La recherche ? Des idées et des rêves…
Développer une idée qui peut changer le monde… Les chercheurs s’éloignent souvent de cette voie.
« L es
idées, c’est cela qui fait tourner notre économie », avait déclaré Obama en lançant la pharaonique Brain Initiative par laquelle les Etats-Unis prétendent au leadership mondial en neurosciences. « Nous investissons dans les meilleures idées avant tout le monde », poursuivait-il, et c’est vrai : aucun pays ne sait mieux que les Américains doter une idée révolutionnaire en moyens.

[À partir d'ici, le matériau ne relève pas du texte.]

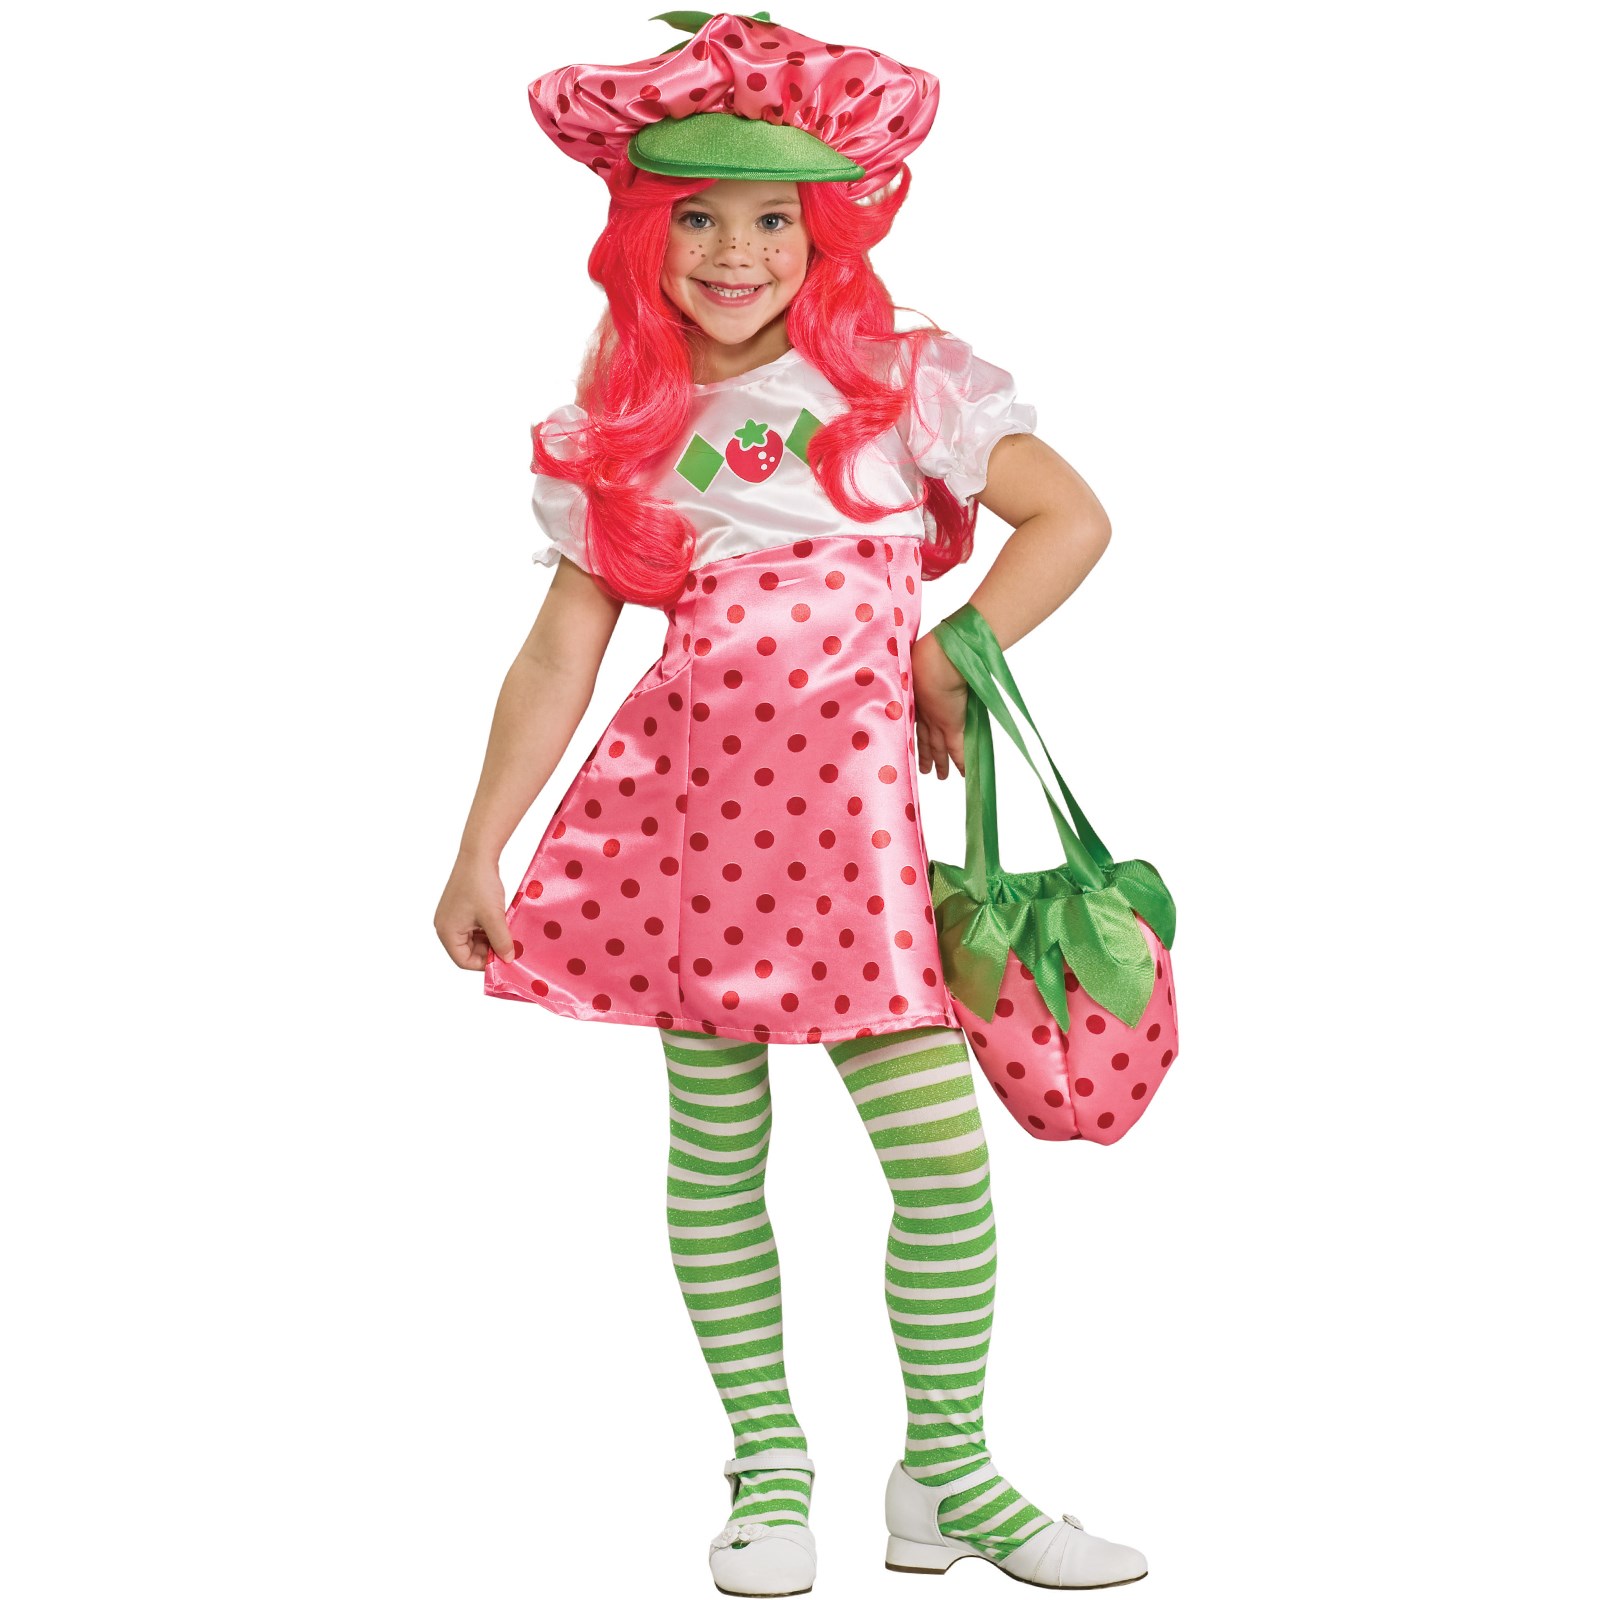 Strawberry Shortcake Deluxe Toddler / Child Costume

La France n’a pas cette dynamique de l’audace, elle qui a raté des génies comme Pierre Omidyar (eBay), Cheick Modibo Diarra (Nasa) ou Franck Zal (qui a découvert que l’hémoglobine d’arénicole est universellement transfusable).
Le public n’en est pas assez informé, la recherche fondamentale, cette utopie idéaliste, anticonformiste et pleine d’audace, qui était hier entre les mains de Newton, Planck, Einstein, Bohr, Pasteur, Feynman ou Noether, n’est plus qu’un moulin à données. Le chercheur, censé avoir pour seul objectif de poser l’esprit là où aucun humain ne l’a posé avant lui, est le plus souvent un « data zombie », une machine à mouliner de la donnée, voire, bien trop souvent, à la truquer, pour prendre sa place dans une vaste course de dupes que l’on appelle l’indice H (le classement des articles par nombre de citations). Autrefois Einstein écrivait : « Je crois en l’intuition et l’inspiration […] l’imagination est plus importante que la connaissance, car la connaissance est limitée, alors que l’imagination embrasse tout l’univers, stimulant le progrès, fécondant l’évolution. A strictement parler, elle est un facteur réel de la recherche scientifique. » Aujourd’hui, le chercheur tire sa persévérance des classements académiques. Il ne s’agit plus de la même recherche. Avec le recul, les générations suivantes verront dans cette recherche une forme de scolastique médiévale, doxa autoproclamée et jalouse, destinée à être balayée par une nouvelle renaissance scientifique anticonformiste, comme Galilée, Bruno, Copernic ou Léonard ont été les hérétiques à l’orthodoxie bréhaigne de leur temps. Tout récemment, l’excellent Yehezkel Ben-Ari, parce qu’il est directeur émérite à l’Inserm et qu’il peut donc s’exprimer librement, a publié à propos du Humain Brain Project une tribune limpide dans Les Echos : « La vraie innovation se fait toujours en dehors des sentiers battus. Il eût été plus judicieux de distribuer 1 million d’euros à un millier d’équipes ayant chacune un projet audacieux, mais circonscrit. Certes, une partie d’entre eux n’auraient rien donné, mais la petite fraction de travaux innovants aurait largement compensé ces pertes et permis d’effectuer de vrais sauts qualitatifs. Mais cela ne cadre pas avec la vogue actuelle des “grands projets” et la volonté de retour sur investissement garanti. »
Qu’est-ce qui doit motiver la recherche, donc ? Les idées et les rêves. Les idées ou les rêves peuvent changer le monde. Les données qui ne sont portées par aucune idée ni aucun rêve ne l’ont jamais fait. Qu’a dit Martin Luther King pour fédérer l’Amérique : « J’ai un rêve » ou « J’ai des données » ? Alors que devrait dire le chercheur à ceux qui le paient ? Tout Homo qui n’est pas sapiens est une aliénation. Homo academicus est plus petit que Homo sapiens, et Homo dataensis est plus petit encore
Le chercheur est devenu un « data zombie », une machine à mouliner de la donnée, voire à la truquer.